### About this exercise
A verbatim copy is needed of the lines below from the one containing "Swarovski Kadın Bilezik" up to and including the one containing "Las Venturas sign in GTA 6", excluding pictures.

### Records
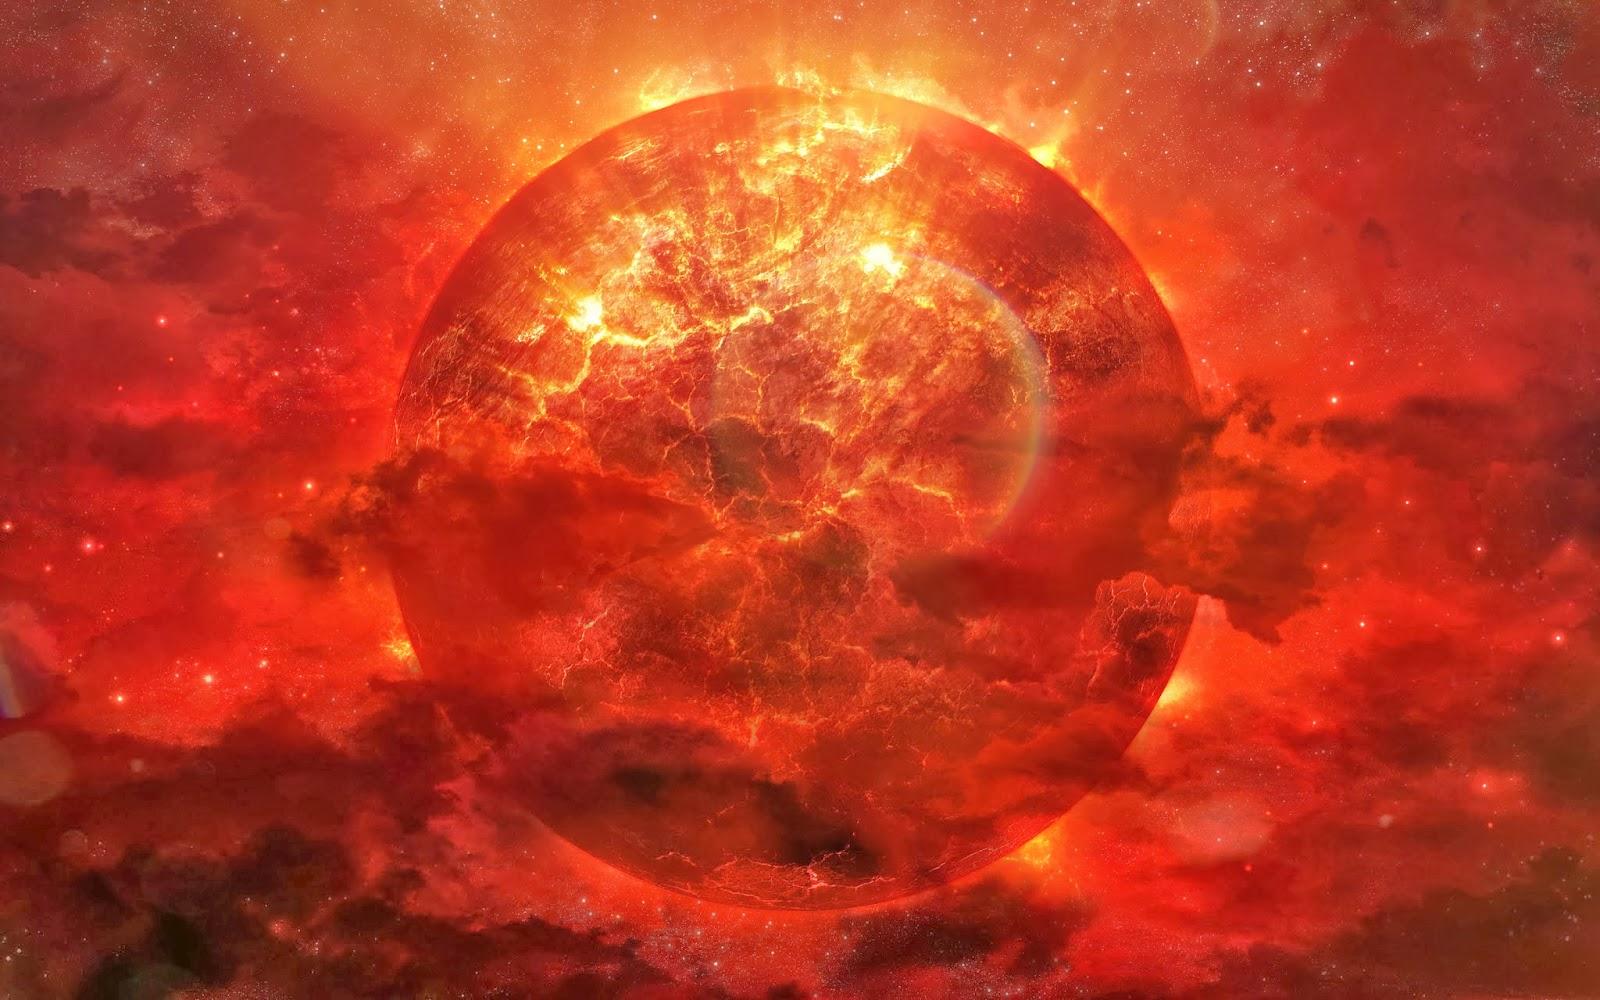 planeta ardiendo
--
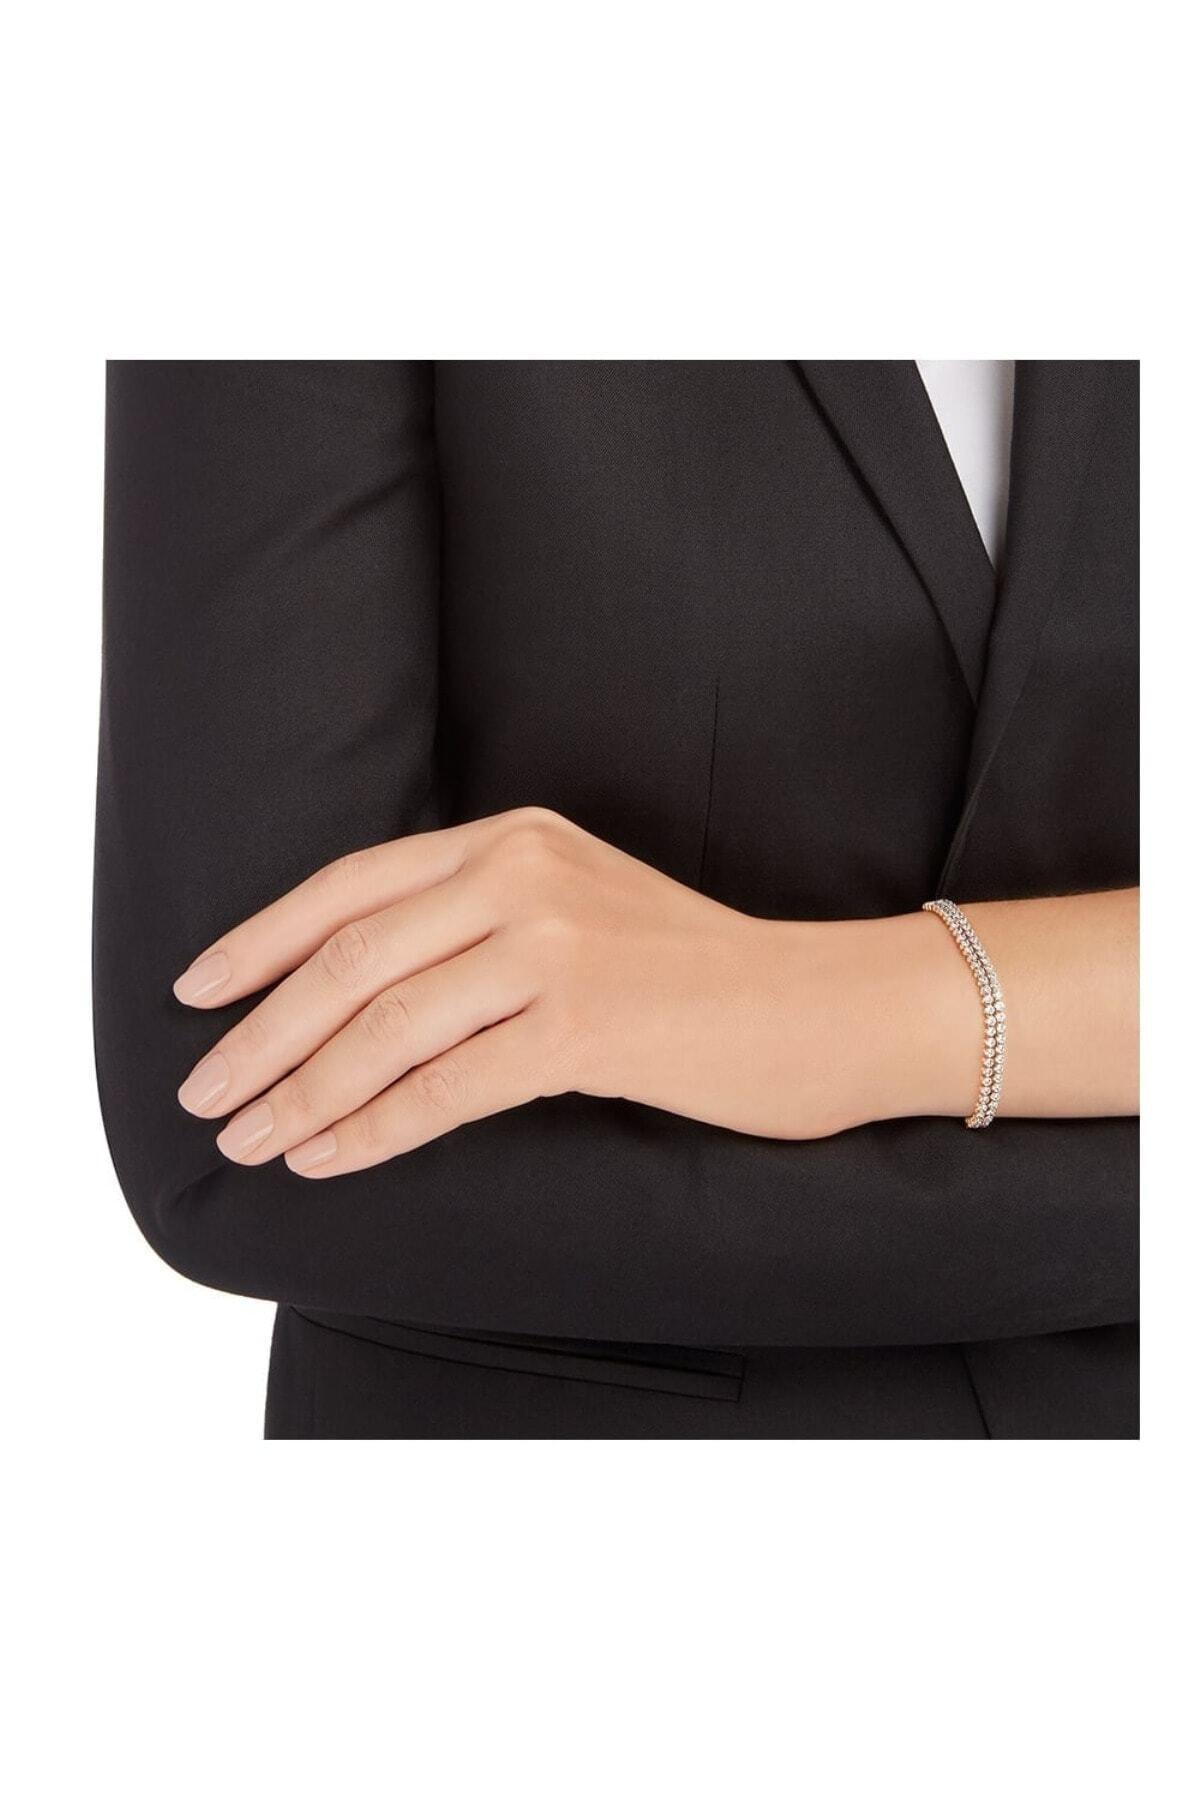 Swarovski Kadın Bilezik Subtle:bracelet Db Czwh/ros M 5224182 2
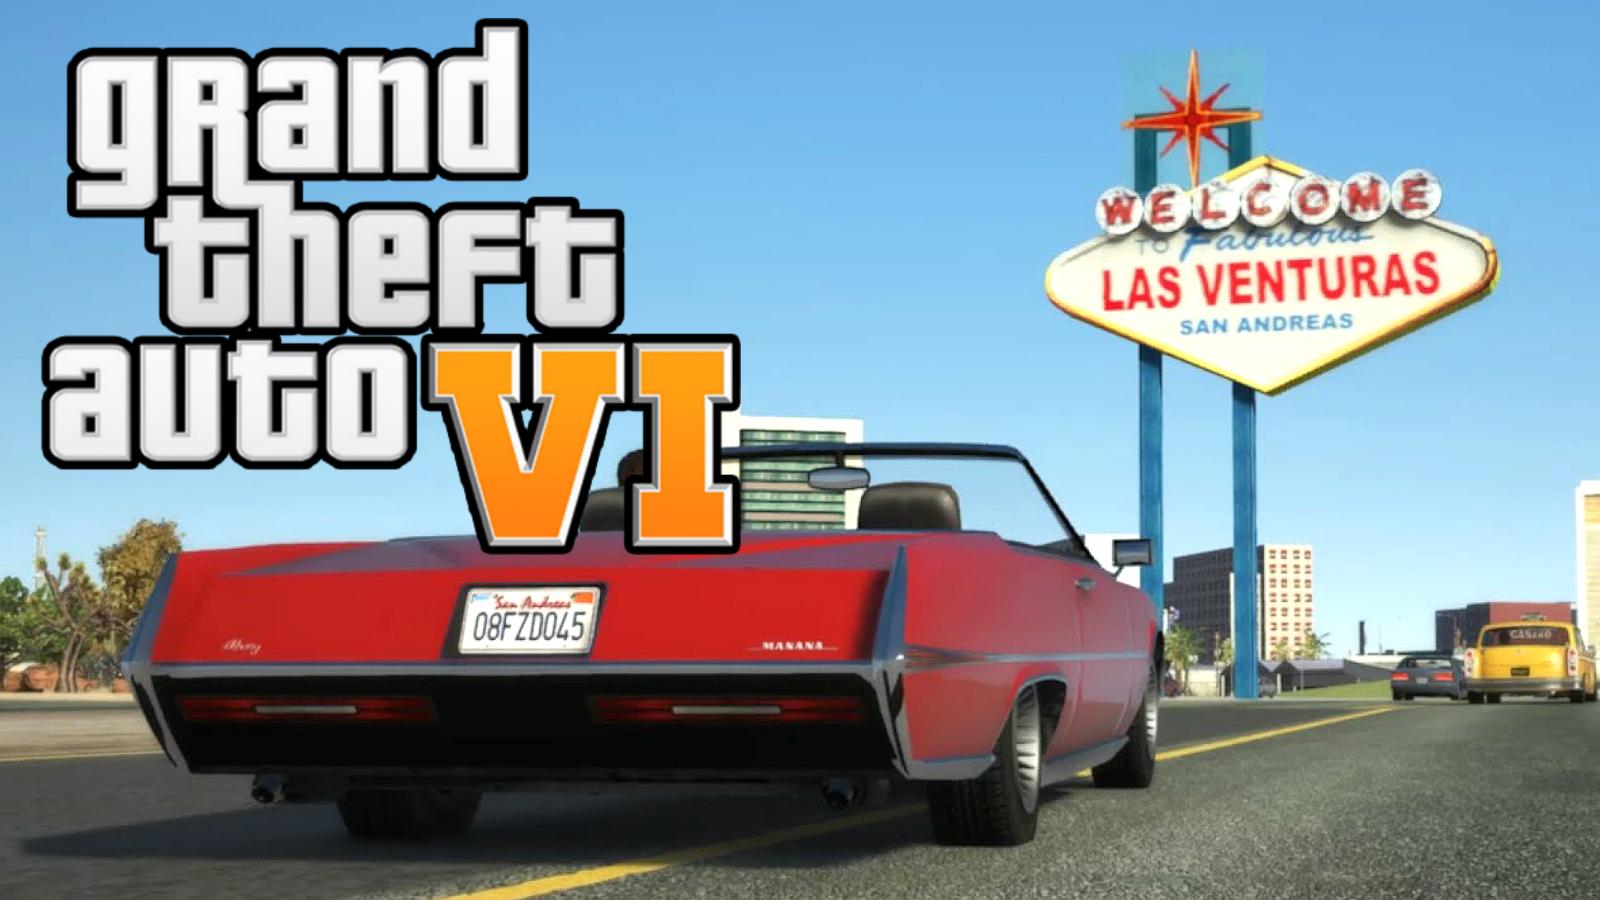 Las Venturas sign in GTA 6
---
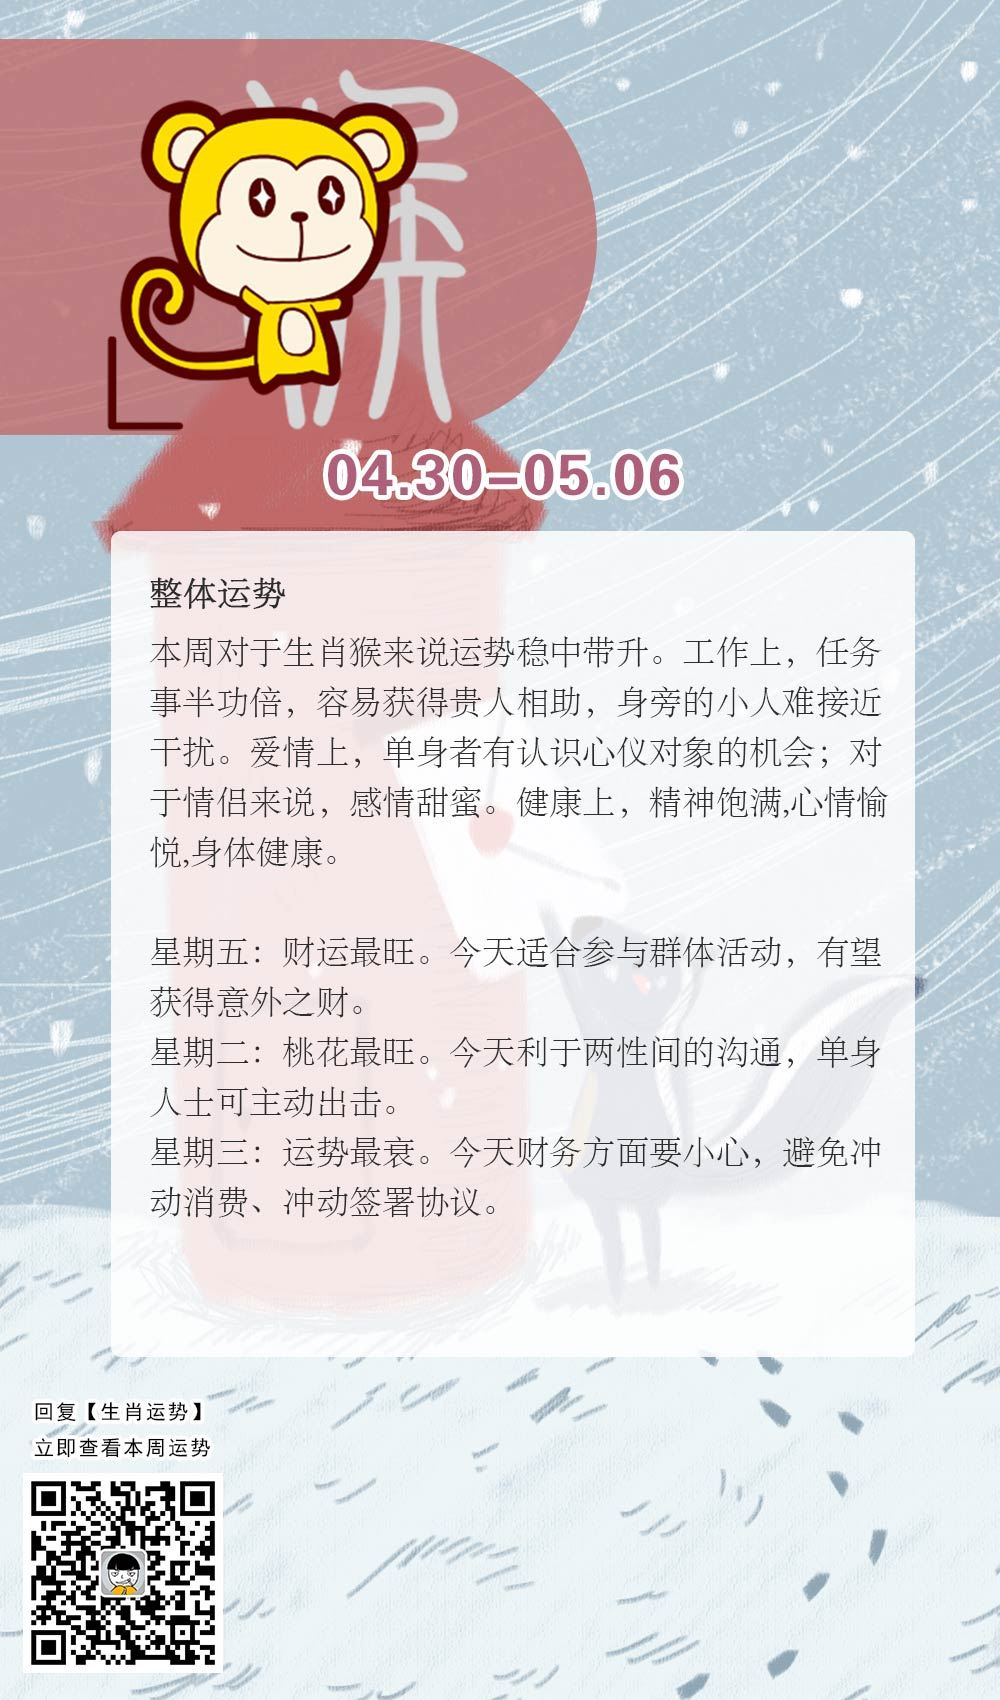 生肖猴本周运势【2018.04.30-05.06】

### Task result
 Swarovski Kadın Bilezik Subtle:bracelet Db Czwh/ros M 5224182 2
 Las Venturas sign in GTA 6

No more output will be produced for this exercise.